Both the City and the Province made substantial contributions to the association for the running of last year’s end of year carnival events, under the belief that carnival committee were not receiving any additional funding or sponsorships. But according to a representative of the City, it later emerged that an estimated R40,64 million was paid out by the Lotto fund to the committee in a period between 2012 and 2014. The City has now sought to investigate where and how that funding has been used.

Mayco member for Safety and Security, Alderman JP Smith said that no evidence exists of such expenditure being used on last year’s carnival proceedings.

“The bills of the carnival are exclusively paid by the City and the Province…The R6 million between us that we contribute covers the cost of the carnival, so it is extremely important to understand where the money went to, because the minstrels didn’t get it,” he told VOC Breakfast Beat.

According to Smith, minstrel groups were forced to reach into their own pockets to cover uniform, instrument and transport costs amongst others. Included in the lotto funds contribution, Smith stated, is a reported R13 million for the construction of a ‘Carnival Heritage Museum’. But Smith said there was a substantial amount of curiosity as to where that money has gone, in light of the fact that little is known of any such development.

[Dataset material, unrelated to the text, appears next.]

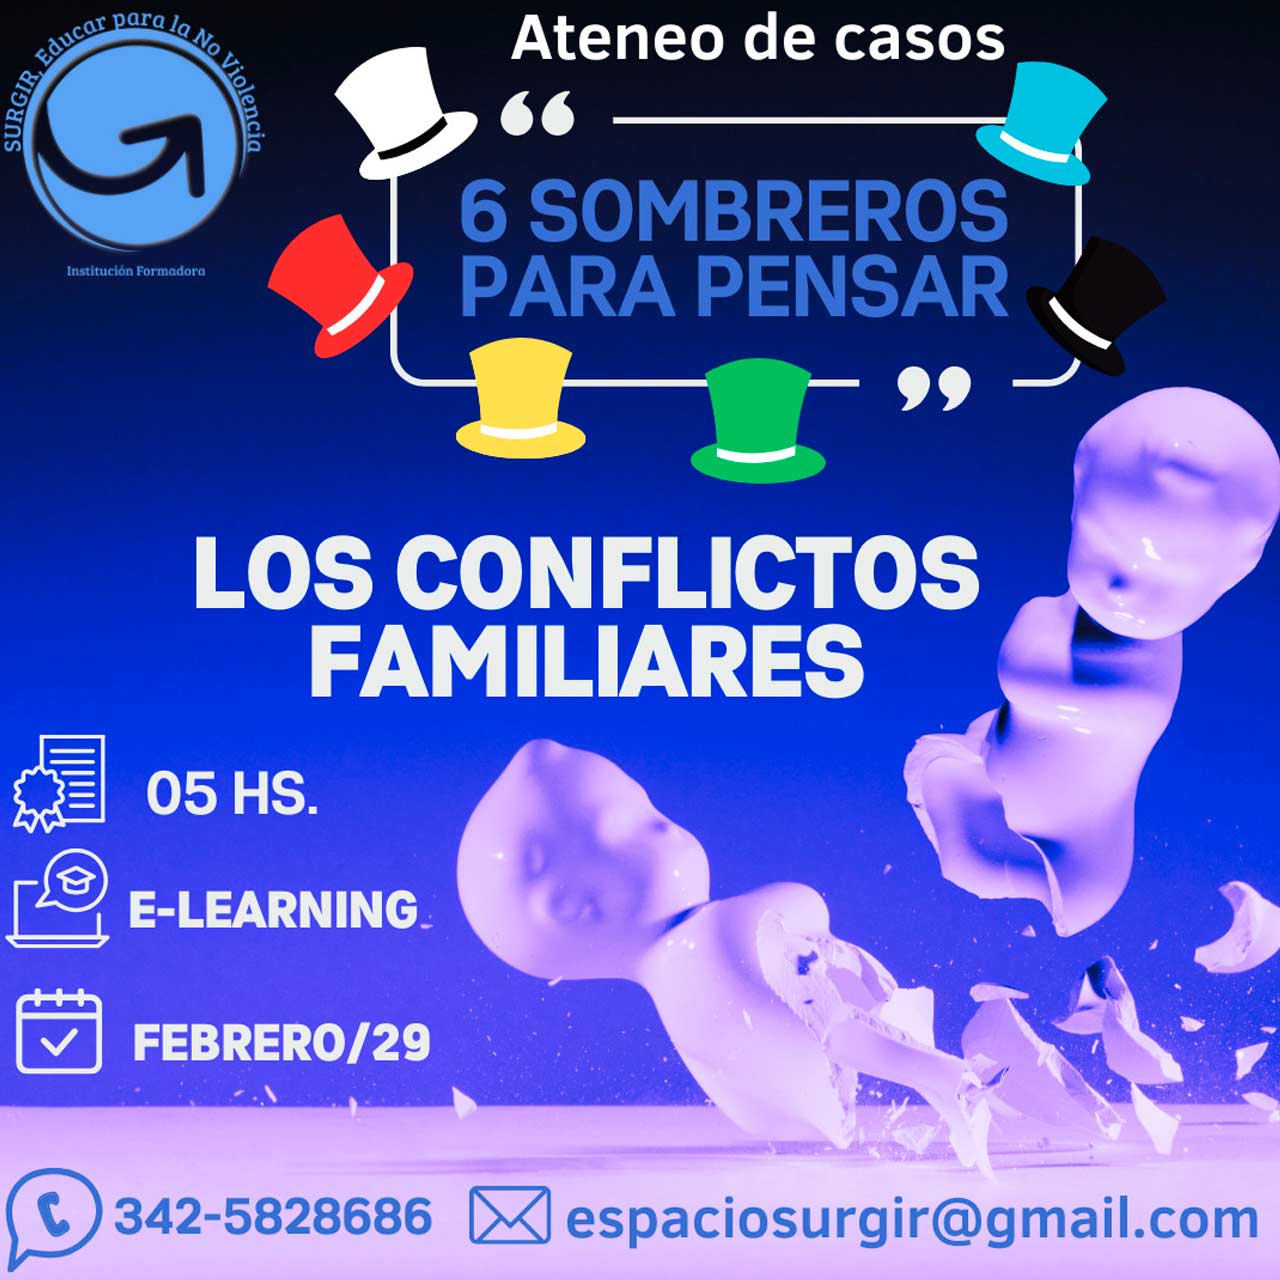 ATENEO DE CASOS “6 Sombreros para pensar… los conflictos familiares”
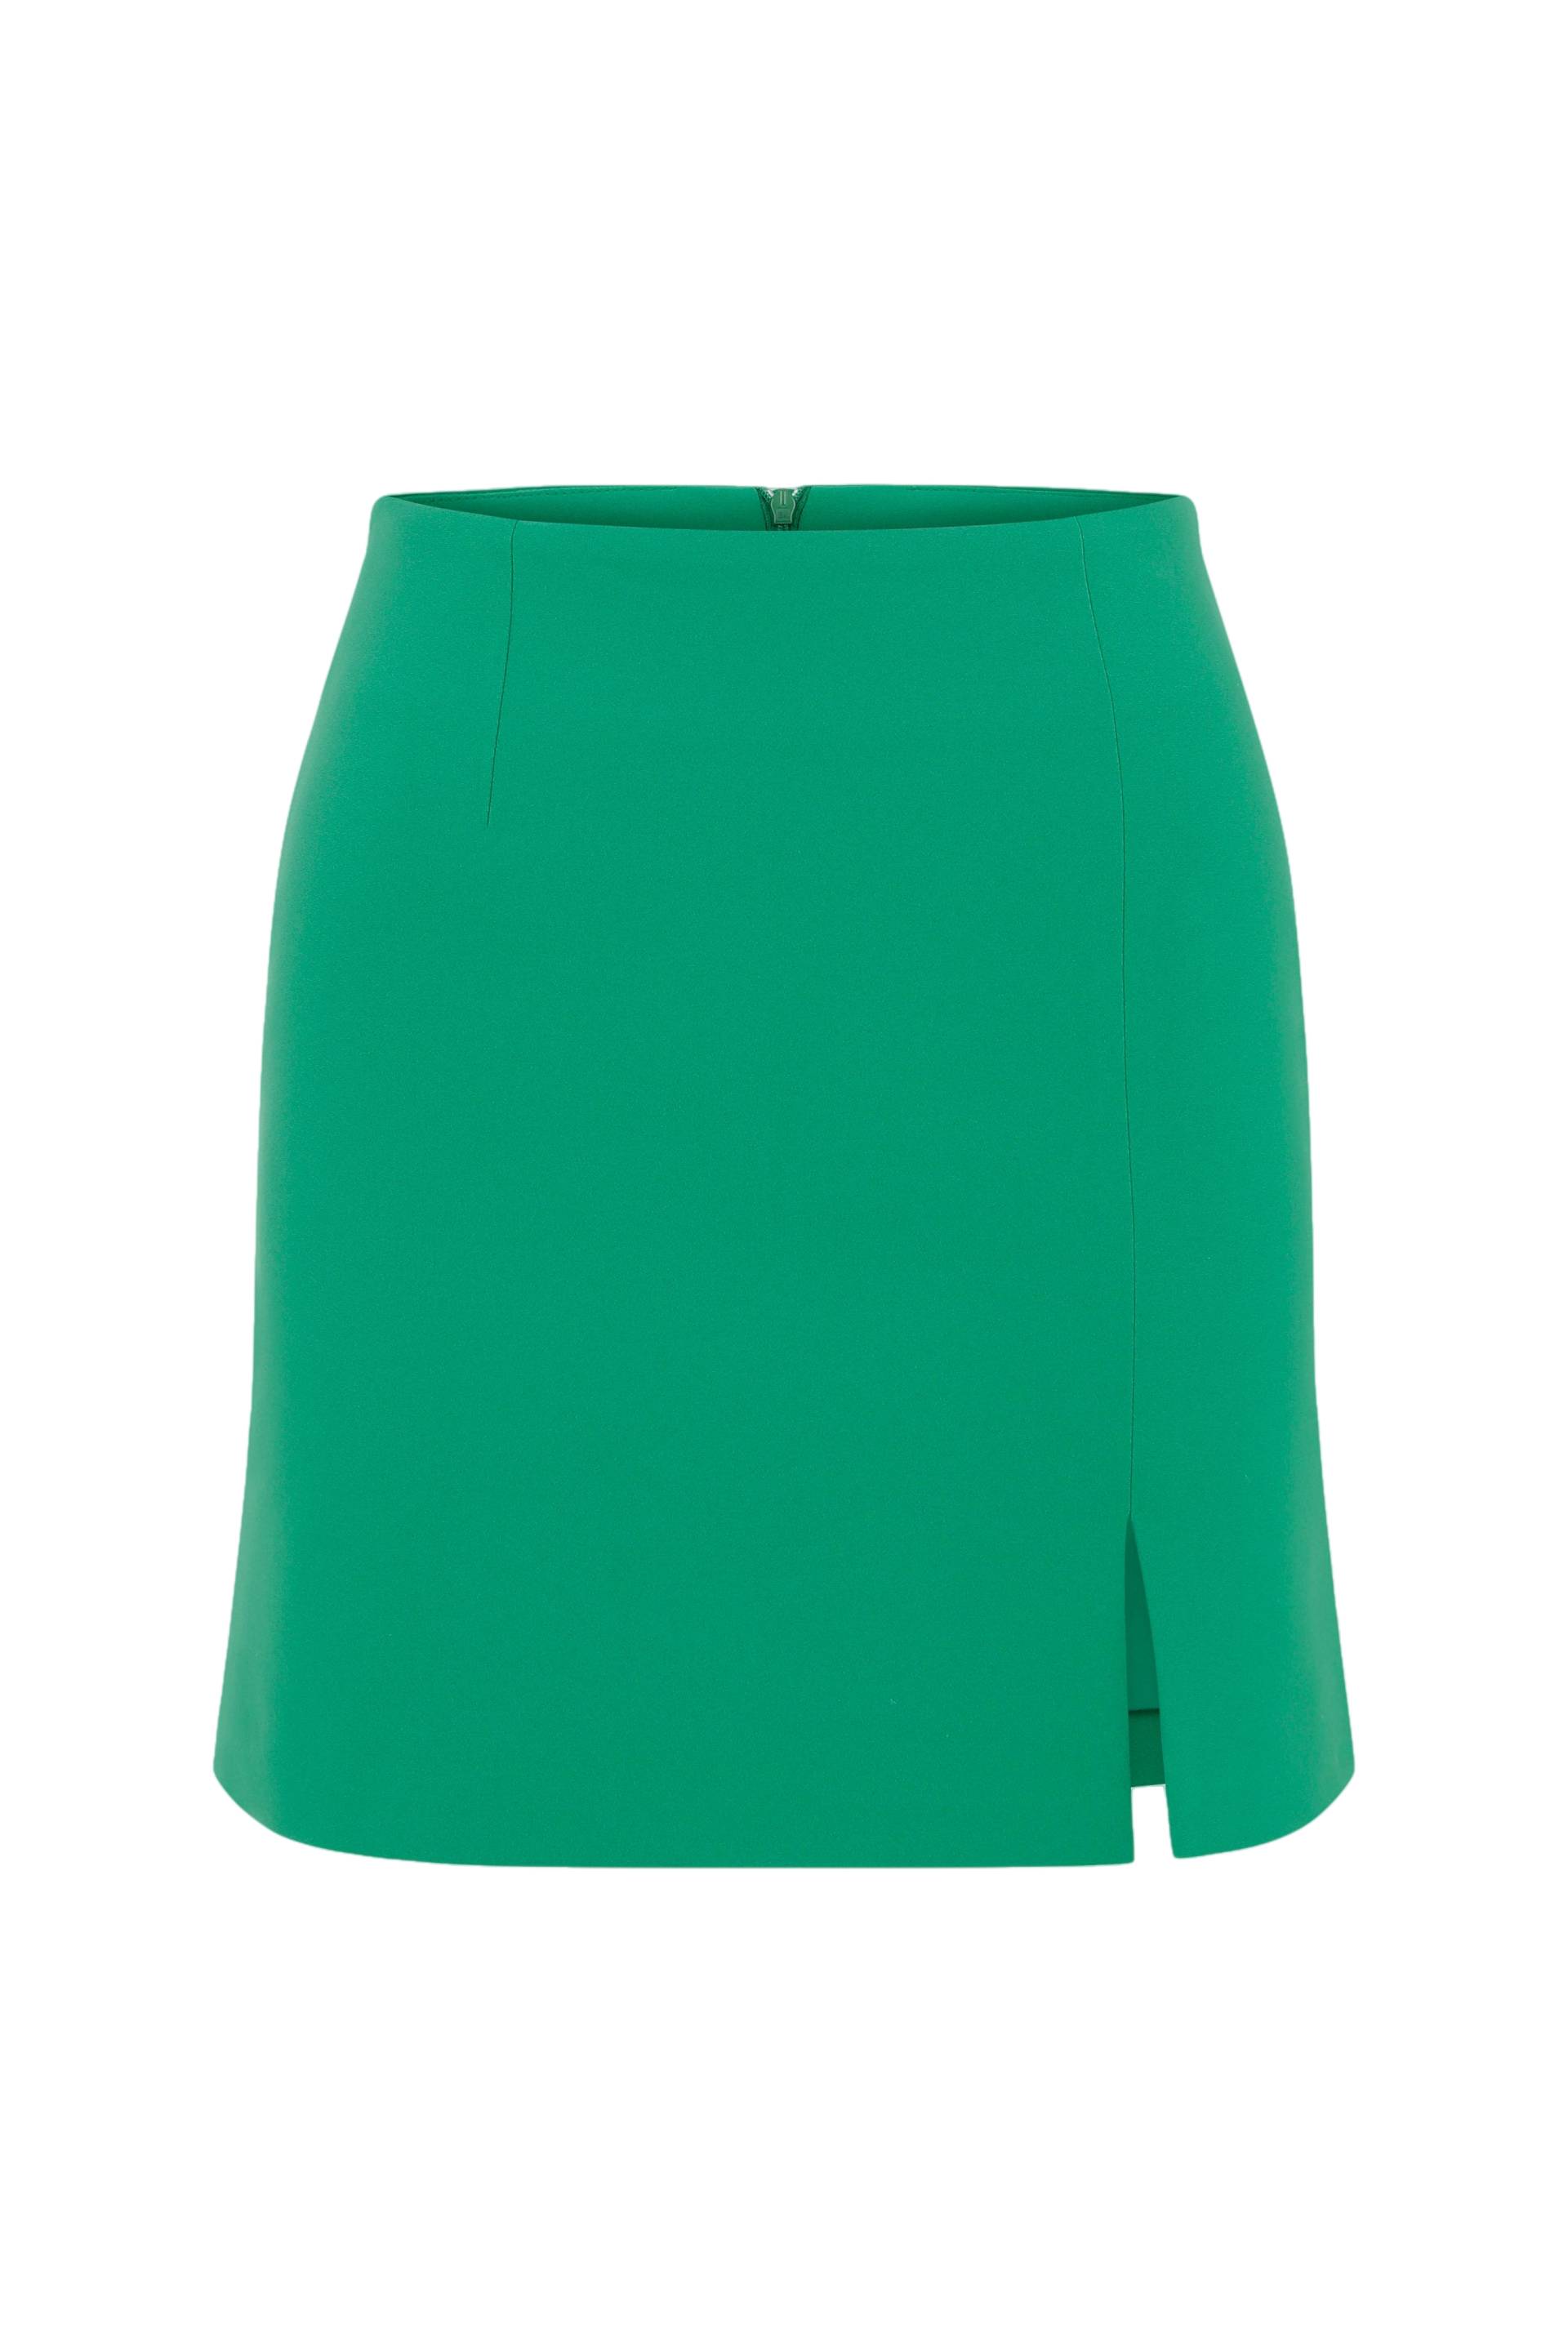 Vance A-Line Mini Skirt in Vert de Noel von Nazli Ceren

“This money could have done a great deal of good for the members of the minstrel’s carnival, with legacy benefits throughout the year, and could have also helped other NGOs across the Cape Flats,” he noted.

He further stressed that as the ‘missing’ funds could be viewed as public money, those found guilty of ‘stealing’ it need be held accountable for their actions.

“Aside from the Public Protector, there is also a criminal investigation underway. Hopefully between the Public Protector’s and the criminal investigation, the truth will come out. They can’t hide the truth forever,” he suggested.